The man shot fully awake at the sound of her voice. Suddenly terrified, he turned and fumbled a long time with the keys to the door, apologizing the entire time, dropping them twice and cursing himself and then apologizing more. His terror of her seemed out of all proportion to the circumstances, but on entering the cell Corinn recalled that any guard of this prisoner had reason to fear her.

Barad sat on a cot against the far wall, the bed tiny beneath him, like a child's. She wondered if he ever lay on it, for surely his legs and arms would have hung down to the stone floor. Thinner already than when last she had seen him, angles and joints measured his bulk. His legs rose unnaturally long, bent at knees on which he had set his crossed arms and rested his forehead. A single wrist chain attached him to an iron ring in the wall. On hearing her enter, Barad lifted his head and rolled his sightless stone eyes in her direction.

Yes, she thought, there is reason to fear me. She turned and gestured for the guard to leave them alone. He did so gladly.

"You don't smell like a Marah," the prisoner said, after a few moments of silence. His voice carried the same grave timbre she remembered from before. It held a weight and substance at odds with the lanky, emaciated form that produced it.

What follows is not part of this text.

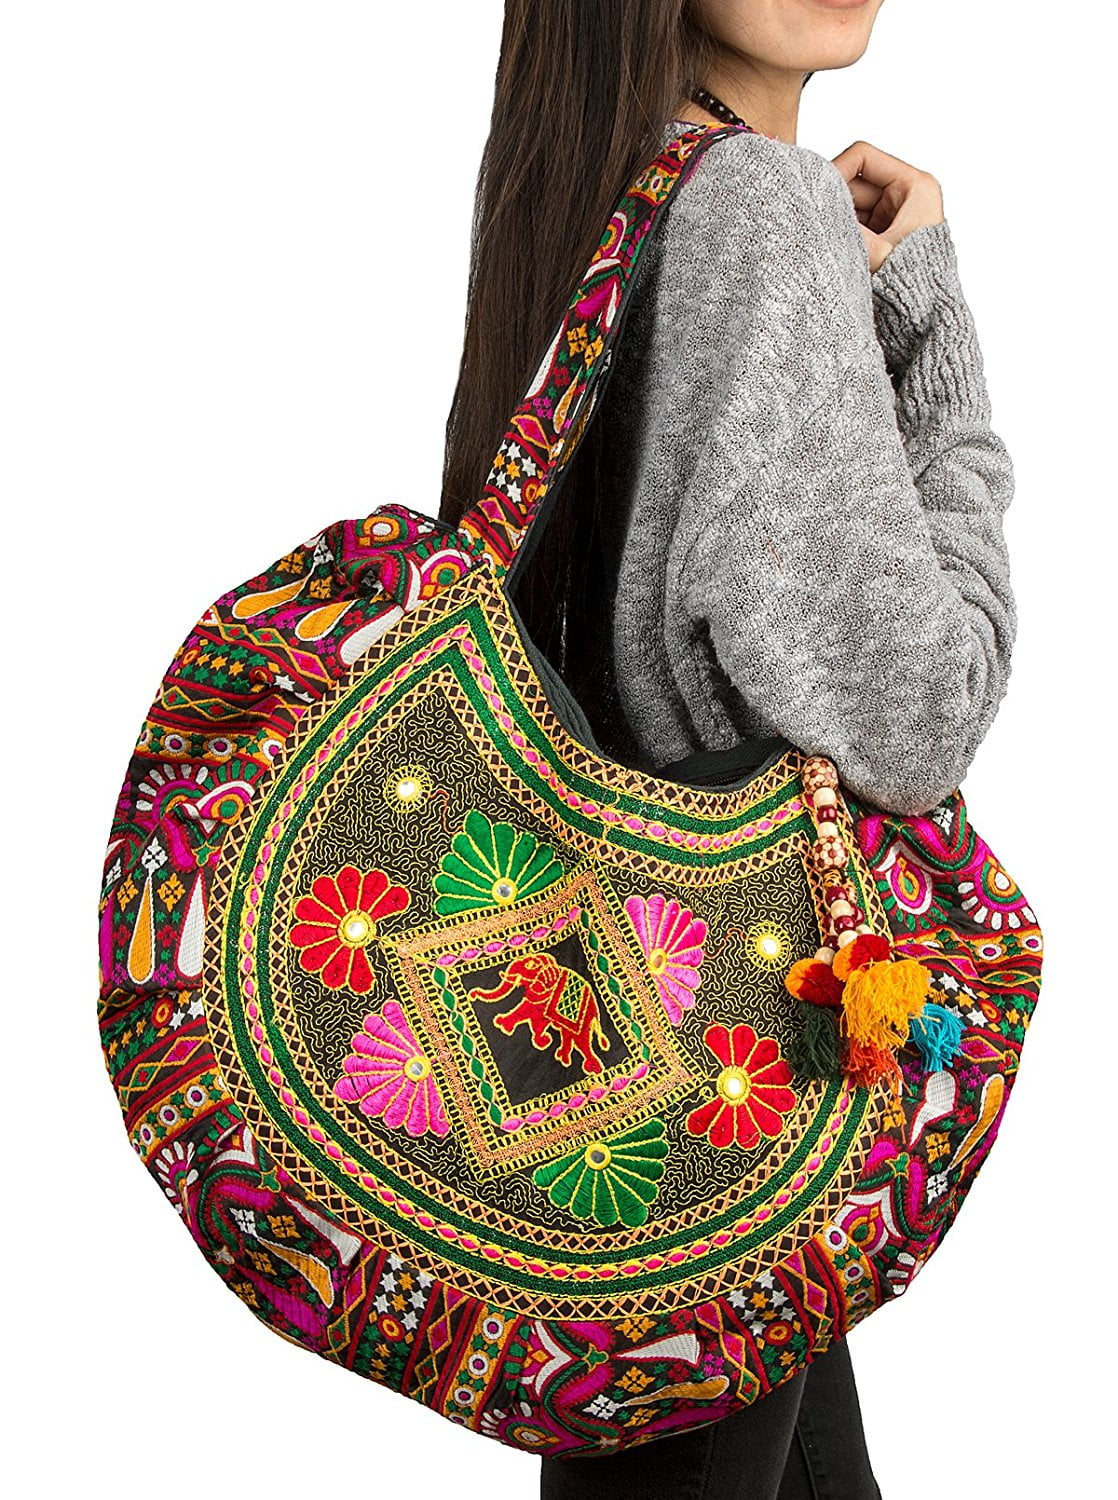 tapestry tote bag Tree of Life - medieval handbag - red hobo bag - tapestry  shoulder bag - jacquard woven tote bag - medieval art

"Do they feed you?" Corinn asked.

The man squinted. She knew he could not see her, but a lifetime of habits still ruled his mannerisms. "The queen? So the queen pays a visit to a blind prisoner? And to ask after the quality of his meals? The world yet offers surprises. Yes, they bring me food. I have little appetite, though."

"You must regain it, then," Corinn said. "If I wished you dead I would have killed you. I do not wish you to starve."

Barad tilted his head back in a motion that became an openmouthed yawn, audible in the enclosed room. When he was finished with it, he rubbed his nose with his manacled hand. The chains clinked dully. "Kind of you."

"No, not really. I don't have much use for kindness anymore. Not for its own sake, at least." Corinn looked about the cell for a moment, though there was nothing in it to catch an eye. "Do you know that my son almost died?"